In Canada, research ethics approval was obtained at McMaster University (Hamilton Integrated Research Ethics Board) and the University of British Columbia (Behavioural Research Ethics Board). In the United States, ethics approval was obtained through the IRB Company Incorporated (Buena Park, Calif.). In the United Kingdom, National Health Service permission was obtained, with study sponsorship provided by the Royal Free London NHS Foundation Trust.
The following recruitment strategies were used.
St Joseph’s Healthcare Bariatric Program, Hamilton (Canada)
Patients exploring or seeking bariatric surgery and post-bariatric surgery patients were recruited between November 2013 and July 2014. Data were collected using either a handheld tablet, with data entered directly into a secure web-based application (ie, Research Electronic Data Capture, REDCap23), or a questionnaire booklet. All participants completed the appearance and HRQL scales, and, to ensure some familiarity with clinic staff, only patients who were post-bariatric surgery were asked to complete the experience scales. Participants were also invited to provide an e-mail to participate in 2 additional study components as follows: a test–retest (TRT) survey sent after 1 week; and a 6-month follow-up. Those who agreed to either component were sent an e-mail at the appropriate time, with the URL link to access the survey via REDCap. Up to 2 e-mailed reminders, spaced by 2 weeks, were sent to nonrespondents. The 6-month follow-up group also received a phone call reminder.
St George’s University Hospital, London (England)
Patients who had body contouring between February 2004 and May 2014 were sent an information letter and questionnaire booklet composed of the appearance and HRQL scales. The experience scales were excluded due to potential recall bias given the length of time elapsed since surgery for many patients. Nonrespondents were sent up to 2 postal reminders and 1 phone call as necessary. Excluded from the denominator were patients whose questionnaire was returned to sender, patients with a terminal illness, and patients who had deceased.

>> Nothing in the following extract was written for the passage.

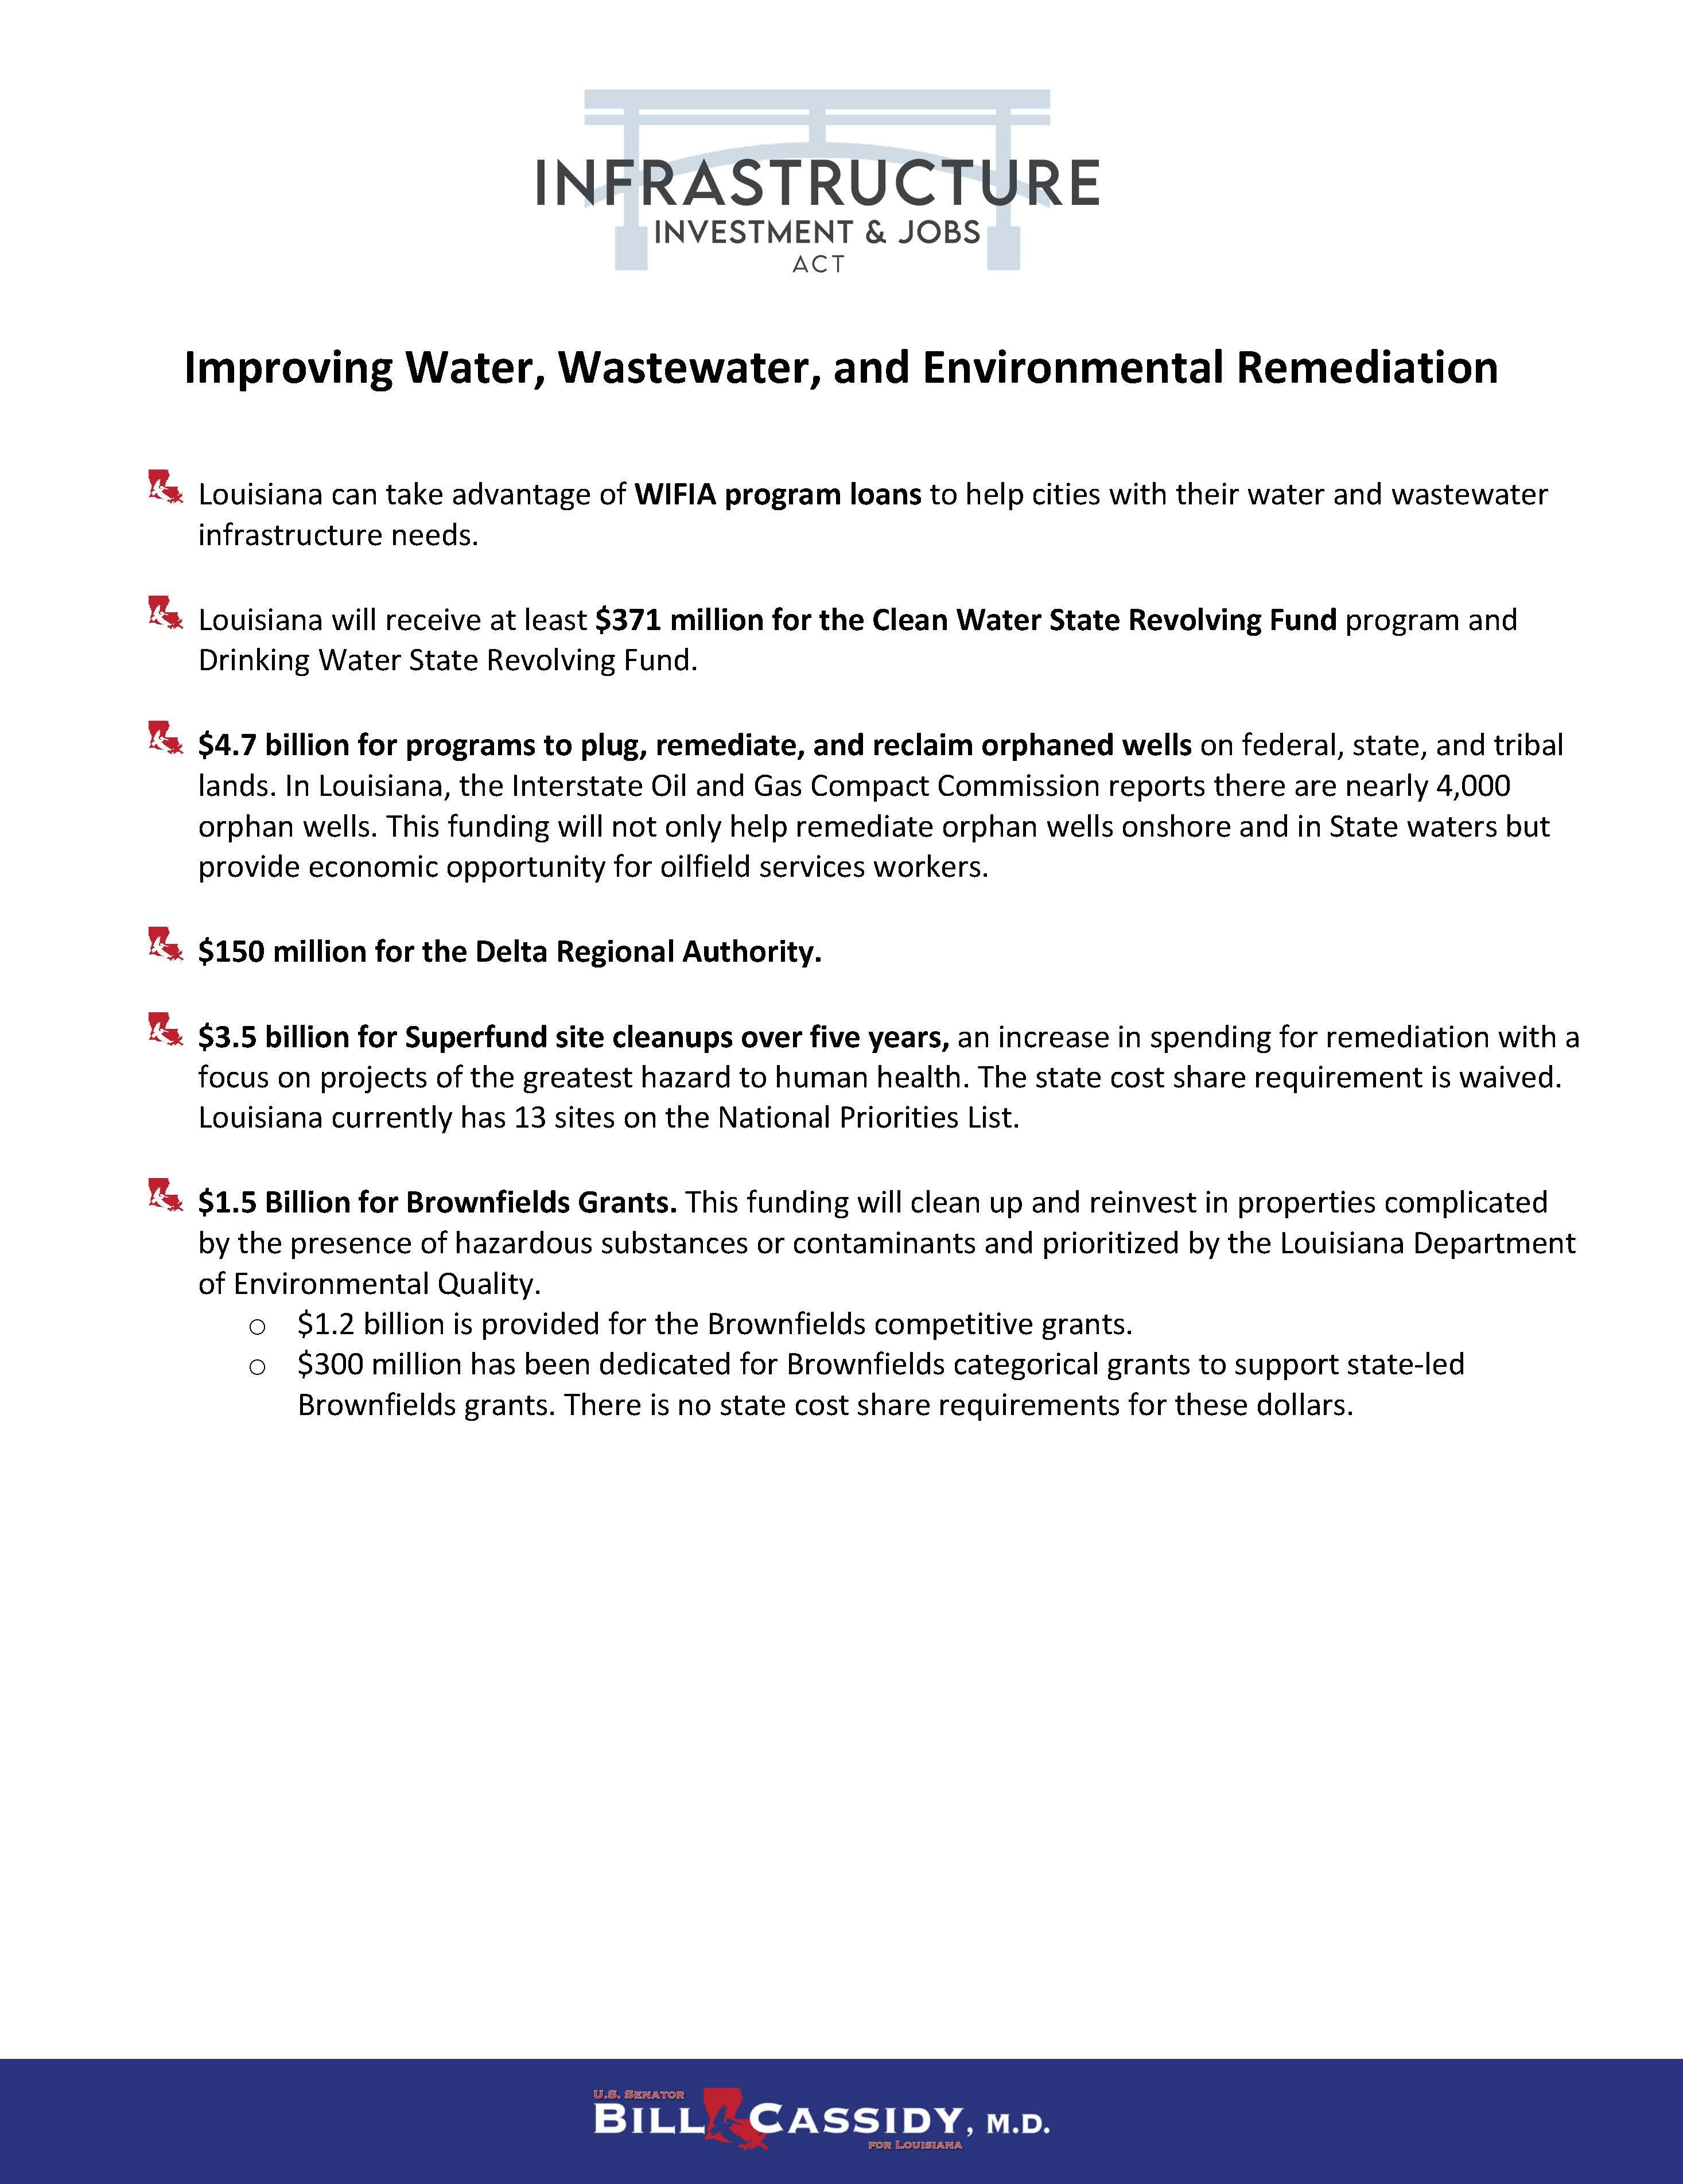 IIJA Water, Wastewater, and Environmental Remediation

Cosmetic Surgery Clinics, Hamilton, Vancouver, Mississauga (Canada), and Atlanta (United States)
Patients exploring or seeking body contouring surgery, and patients who had had body contouring, were recruited in clinics in Hamilton, Vancouver, and Atlanta between December 2013 and December 2014. Data were collected using either an iPad directly into REDCap, or using a questionnaire booklet. All participants completed the experience scales and the Body scale plus any appearance scale relevant to their body contouring procedure and/or areas of the body with excess skin (eg, Arms scale for brachioplasty patients and/or patients with excess skin on upper arms). Only patients who previously had bariatric surgery were asked to complete the Physical scale and Symptoms checklist. The remaining HRQL scales were completed by all participants.
The Atlanta and Mississauga clinics also invited former body contouring patients to participate. The Atlanta clinic staff sent an e-mail invitation with URL link to all patients treated in the previous three years. One reminder was sent 1 month later. For the Mississauga clinic, patients who participated in the earlier cognitive interview phase of the study22 were sent an e-mail invitation with URL link. Two reminders were sent spaced by 1 week.
Private Medical Clinic, Aberdeen (Scotland)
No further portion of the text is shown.